Interestingly, BMW claims the plastic material the sensors are protected by is not only sturdy but self-healing, and is able to repair small scratches in its surface if left for 24 hours in a room temperature environment.
Its aerodynamic tricks also aren’t just told by its low drag coefficient, as BMW says that by carefully shaping the front end, rear end, underbody, and wheel areas, the iX picks up an impressive 40 miles of range. Also involved in this aerodynamic efficiency is active cooling flaps, which open and close depending on the cooling load to make sure the car is as streamlined as possible as often as possible. The unique wheel design is also attributed to adding range, with claims as high as nine miles of additional range added thanks to their shape.
The interior of the iX is inspired by the concept of “shy technology,” i.e, technology that only presents itself when it’s being used or you’re actually exploring its facets. The interior ergonomics are also said to be inspired by a lounge, with the seats being upholstered in a unique geometric pattern using a few different textiles. It’s interesting, to say the least, and we’ll be keen to see how much of it actually makes it to production.
The interior is also defined by a massive panoramic glass roof, which is seeming to become a staple of EVs. BMW says it can be tinted of demand to darken up the interior if it’s too sunny, using a film sandwiched between the layers of laminated glass. Other interior features include a curved, free-floating infotainment screen and digital gauge cluster, along with a head-up display that is flush-fitted into the instrument panel without a frame, allowing it to be hidden from sight.
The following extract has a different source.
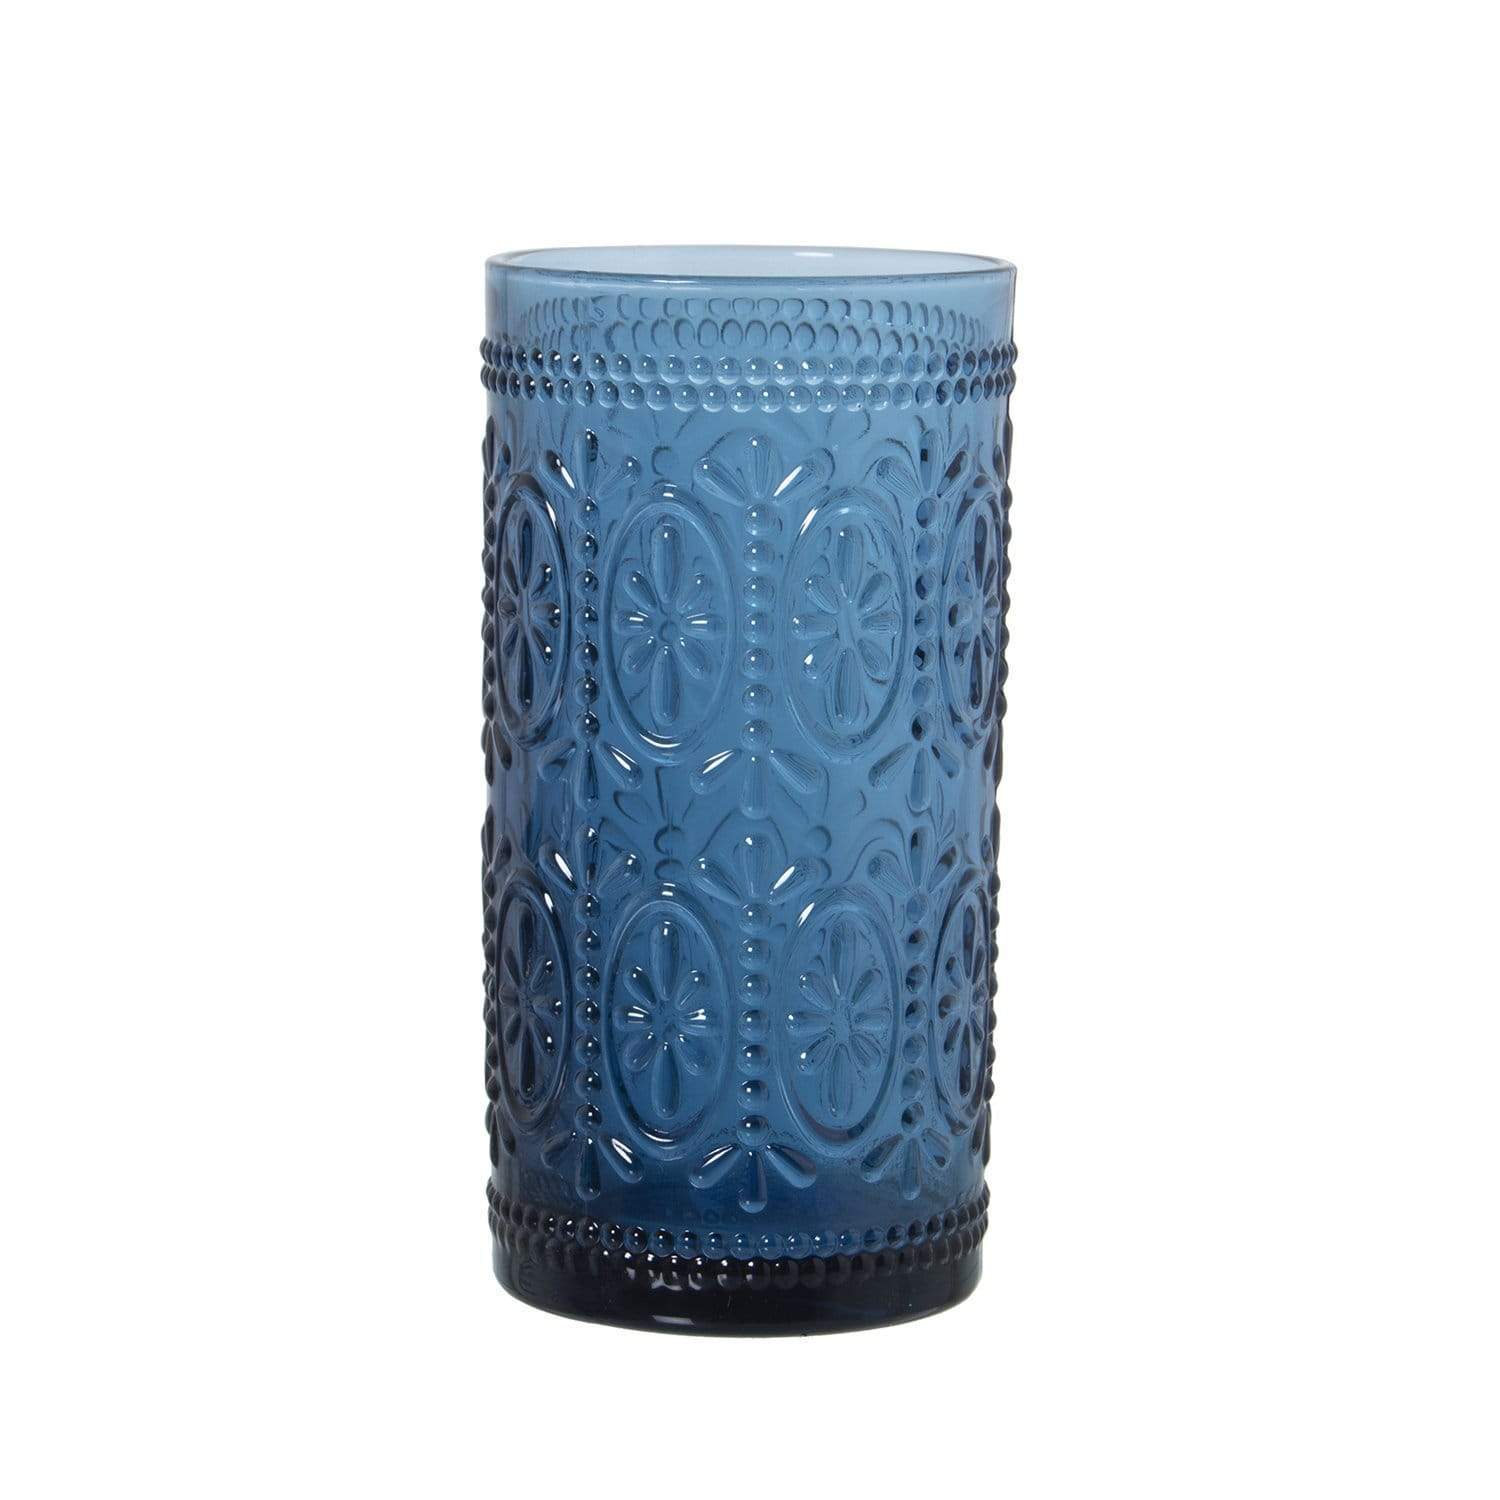 Lisbona set Bicchieri 6pz acqua in vetro colore blu - Dolci pensieri gift
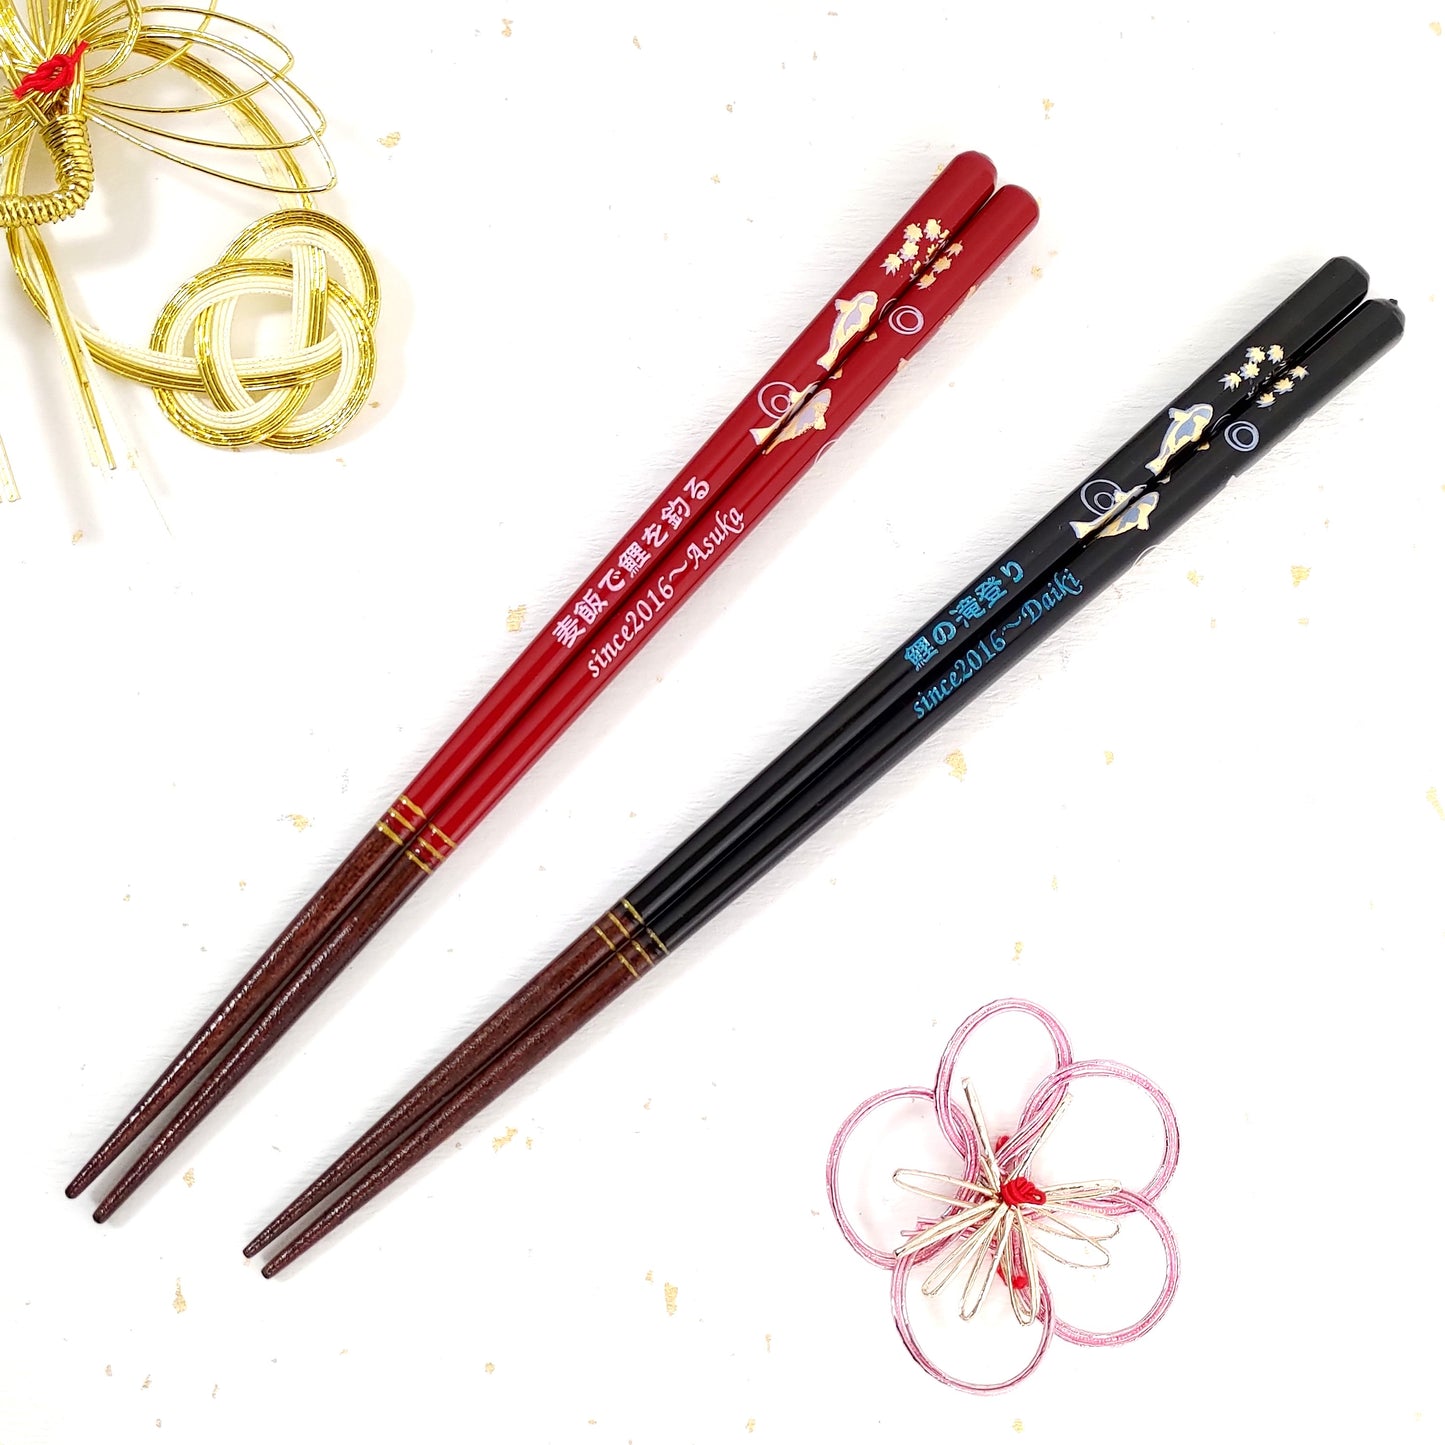 Swimming Carp Japanese chopsticks black red - SINGLE PAIR

There’s also LED interior lighting, and a number of luxury and comfort features to be expected of a modern luxury car.
So, with the SUV market getting hotter by the day and EVs looking like the future, BMW is attempting to stay relevant with the iX. With a doubtlessly polarizing exterior design but a captivating new interior concept, it will be interesting to see a full production model once it arrives in the U.S. in 2022. If the i3 or i8 is any indicator of how far BMW is willing to go with even its full-production designs, you can expect a lot of what you see here to end up being mass-produced.